А с Владиком вышла у него разладица как раз из-за водки; общество делится на классы: пьющих и непьющих; между ними происходит классовая борьба, – но чтобы парень в двадцать лет до такой степени мог стать ему, Чепелю, классовым врагом, этого он себе не представлял. Это было дико для него, тем паче, что никаких конкретных предложений Владику не делалось и ничего магарычевого не требовалось, – Чепель пил только за свои и только с пьющими, а пить с непьющими – что клянчить рубль у жены, то же удовольствие.

Владик вообще был ненадежен – как необкатанный движок: подведет? не подведет? Все может быть; и балансировка нарушена: где-то тихоня, а где-то крикун; где-то скромник, а где-то нахал; не имел собственной колеи – в его годы многие уже имеют.

«Вот вам глина, – сказал о нем Должиков Чепелю. И сменному мастеру сказал. – Лепи́те». Это, конечно, стоящее занятие – лепка, но сперва нужно найти общий язык. Чепель пытался, однако не нашел. Такого лепить – зря стараться, только глиной обмажешься. Сменный мастер тоже, кажется, пытался, и что? Чего они оба, наставник и мастер, добились? Сле́саря вырастили? Так он, Владик, слесарем и родился.

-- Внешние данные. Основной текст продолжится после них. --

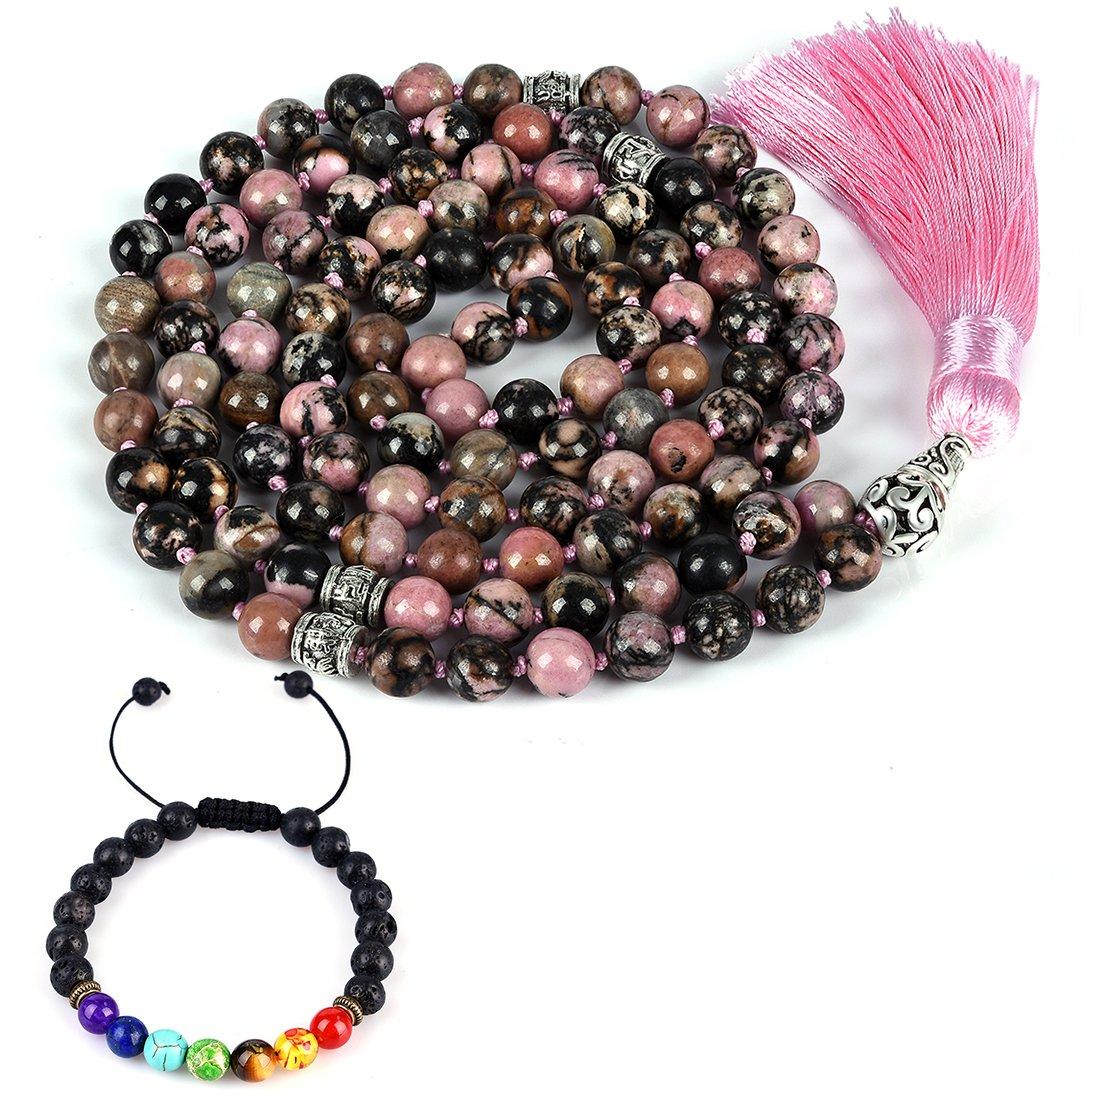 CAT EYE JEWELS 8mm Mala Beads Necklace Yoga Meditation 108 Hand Knotted Rhodonite Japa Mala Buddhist Prayer Beads Tassel Necklace Healing Lava Rock Beads Diffuser Bracelet

А до штатного трепача ему было далеко. Те тянули резину, так хотя бы укладывались в регламент, а у этого кладка была такая; кирпич – зазор, кирпич – зазор! За такую кладку надо бы дать по рукам, потому что – халтура, и лишнее время уходит на эти зазоры, но никто по рукам ему не дал, наоборот – подбросили еще кирпичей при содействии Должикова: строй! авось что-нибудь и выстроишь!

И что же он выстроил?

Ну, кладка наладилась, не стало зазоров, понесся вскачь, – и что? Вожжа под хвост попала? Лицо у него было длинное, а когда вот так пускался – напропалую, вроде бы еще удлинялось, вытягивалось и цветом напоминало слегка подрумяненный сухарь. Личные клейма, личные клейма. Оседлал своего коня. Это было знакомо Чепелю.

Вся разница между ними заключалась в том, что Владик был злой по натуре, – вот, кстати, балансировка! не зря помянута! – а Чепеля мама родила добреньким. Другой раз – обозлиться бы, но доброта препятствовала, и ничего хорошего в этом не было: на добреньких-то верхом и ездят. Конечно, характера не хватало – он таки чувствовал, – но мало ли чего кому не хватает? Жить можно.

Жить можно при любых условиях, и очень даже завлекательное это занятие: жить! Как ни мучила жажда и как ни влекло за проходную, а жизнь оттого не плошала: всему худому наступает конец, имей терпение.

Микрофон был на подставке, и подставка, штанга эта, не раздвигалась, видно, либо не догадывались раздвинуть, поднять микрофон повыше, – а Владик никак не мог приноровиться к нему и, пустившись вскачь, взял направление на президиум. В задних рядах зашумели: не слыхать.

«А оно вам нужно?» – обернулся Чепель. «Ты туда говори!» – одернул Владика председатель, ткнул пальцем в зал. Споткнувшись, Владик чуть было не грохнулся со своего коня. «А я куда говорю?» – «А ты сюда говоришь, и голос пропадает!»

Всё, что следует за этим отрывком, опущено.